Looks like that cold front I've been hearing about has finally come in. It's absolutely frigid tonight--and here's me with nothing more than a mediocre space heater for comfort. I don't mind all that much though, to be honest. The cold is a little uncomfortable, but at least I can dress warm and huddle up under some blankets. It also helps that I just recently purchased some new warm clothing to wear. I should be set, even if temperatures dip even lower than they are now.
Today was Halloween and work was way busier than I expected. Unfortunately, we were also lacking in coverage. I don't know if everyone asked off for Halloween or what, but man did that holiday not stop people from streaming in and demanding cell phones. I'm glad I got more sales but I was busy from the time I came in to the time I clocked out. We only had two salespeople scheduled for the day and there wasn't honestly a ton of overlap between our shifts. My co-worker was gone by 4 o'clock and I came in at 1. The manager and assistant manager had to help out to process the huge crowd of customers--which is honestly not something they do a lot.
I've been making mistakes at work lately and although I feel I can correct them, I'm worried about what kind of precedent I'm setting. If I keep screwing up, I wonder how much longer my manager (or even the district manager) will want to keep me there. It's something I worry about frequently and it generally puts me in a sour mood. I've been having a tough time in general actually relaxing and being happy lately--for reasons that I can't really ascertain. I'm not eating nearly as much as usual, so I imagine that must have something to do with it. Of course, I'm not getting a lot of sleep either, but that's really nothing new.
I can't think of any job I've ever had where I wasn't worried about getting fired. I so frequently get flustered and screw things up--or worse, I'm just lazy about getting my work done. It's something about myself that I earnestly wish to change, but these things are easier said than done. Suffice to say, though, I'd be devastated if I were to lose this job. It's not an amazing job, but it's honestly probably the best I've ever had. Taking my commission into account, I'm making quite a lot of money--and on part time hours, too! The work is frequently quite stressful and I am tasked on a daily basis with interacting with real human beings in ways that make me uncomfortable. But I don't think I'm going to ever have a job where I'm not required to interact with other people in some way. It's silly to shrink from that responsibility.

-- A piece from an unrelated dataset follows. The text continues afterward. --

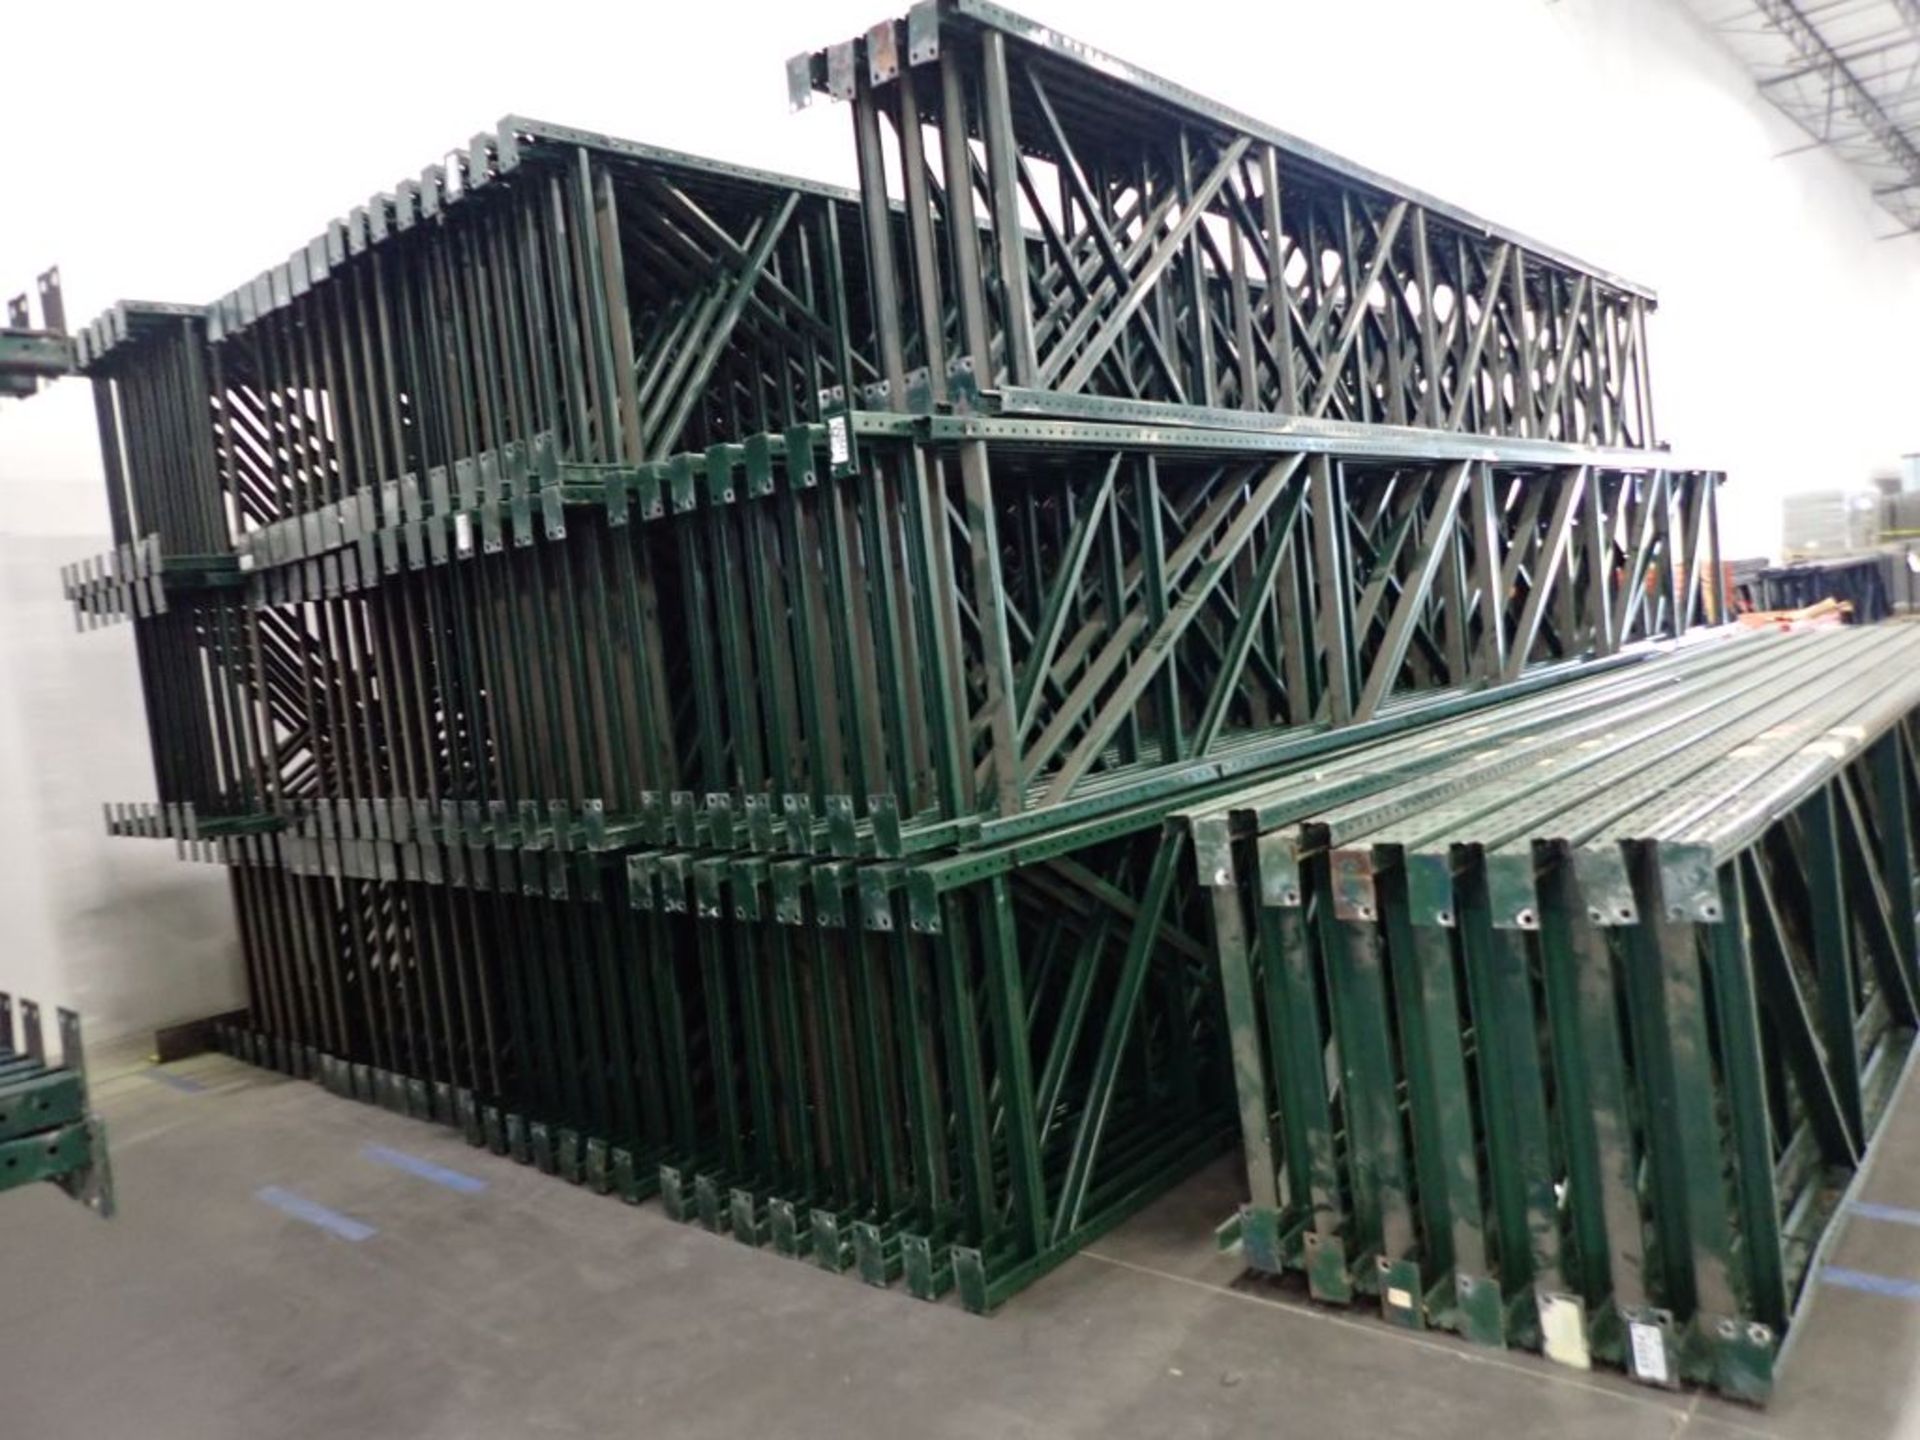 Lot of (15) 24' RUR Slotted Rolled Column Uprights
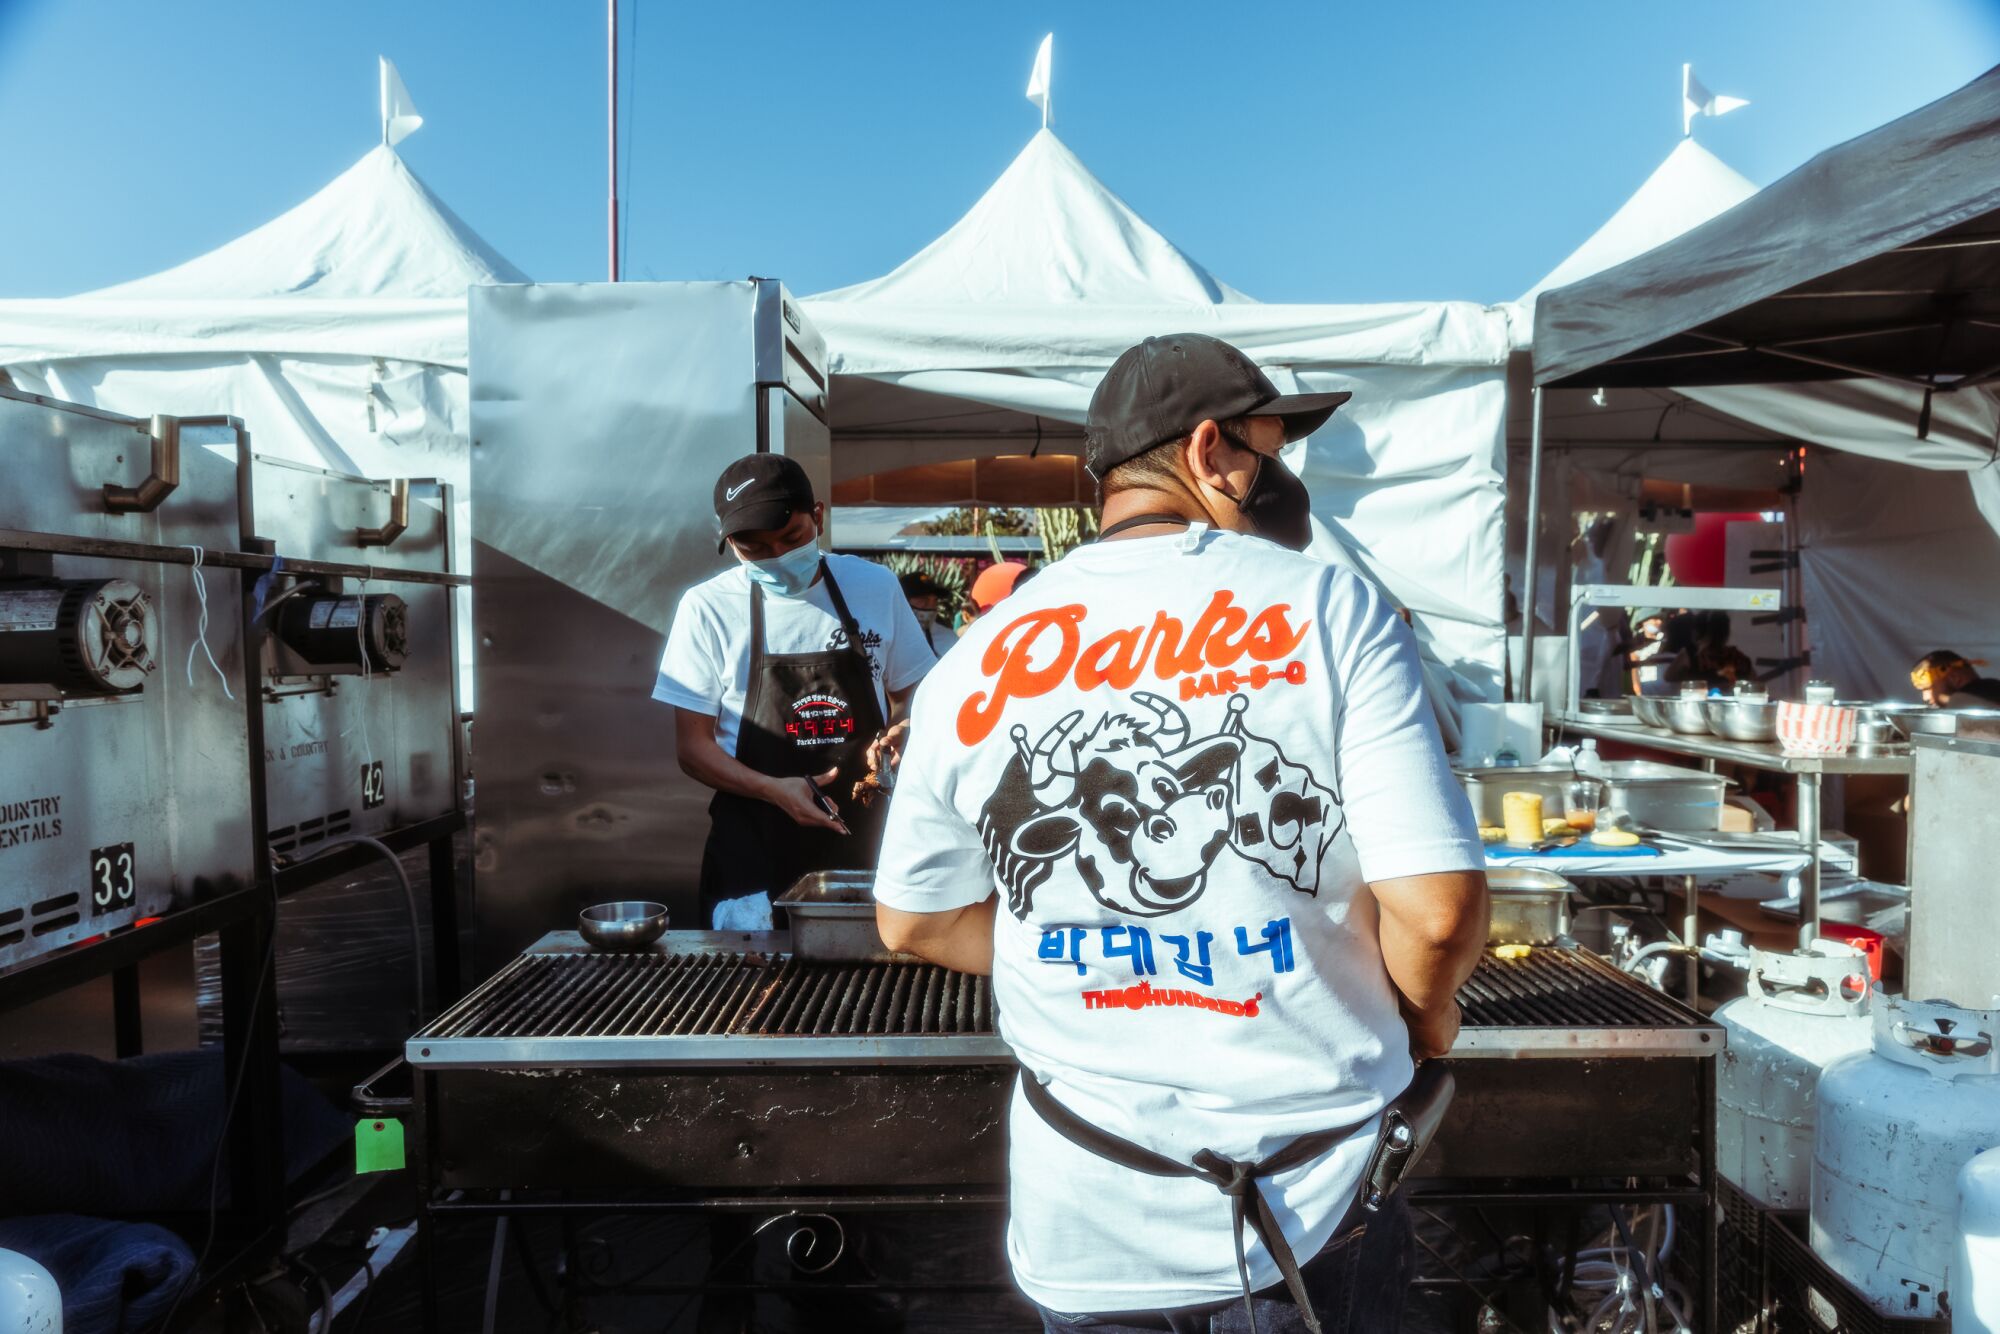 A man in a Park BBQ T-shirt stands on a grill.

I've been trying really hard lately to feel better about myself, but circumstances beyond my control--and ok, some things that are in my control--keep getting in my way. I'm worried about my work performance and the mountain of paperwork I'm required to familiarize myself with in order to be prepared for every ridiculous niche scenario. I'm on disciplinary probation right now for an unreported cash variance--and it happened again tonight! It was only 36 cents and I reported it, called the customer, and fixed the error--but it still happened again. On consecutive nights. That must surely look bad for me. I honestly don't remember it happening at all, but then I never do. It's immensely frustrating how little control I seem to have over my own actions sometimes.
I doubt strongly I'll be fired over a 36 cent cash variance, but it's the pattern of behavior that worries me more. As much as I'd like to believe I can perform my job consistently, I have to wonder how many more times I can screw up before the management decides that enough is enough. I just feel like I have a time limit and that really depresses me.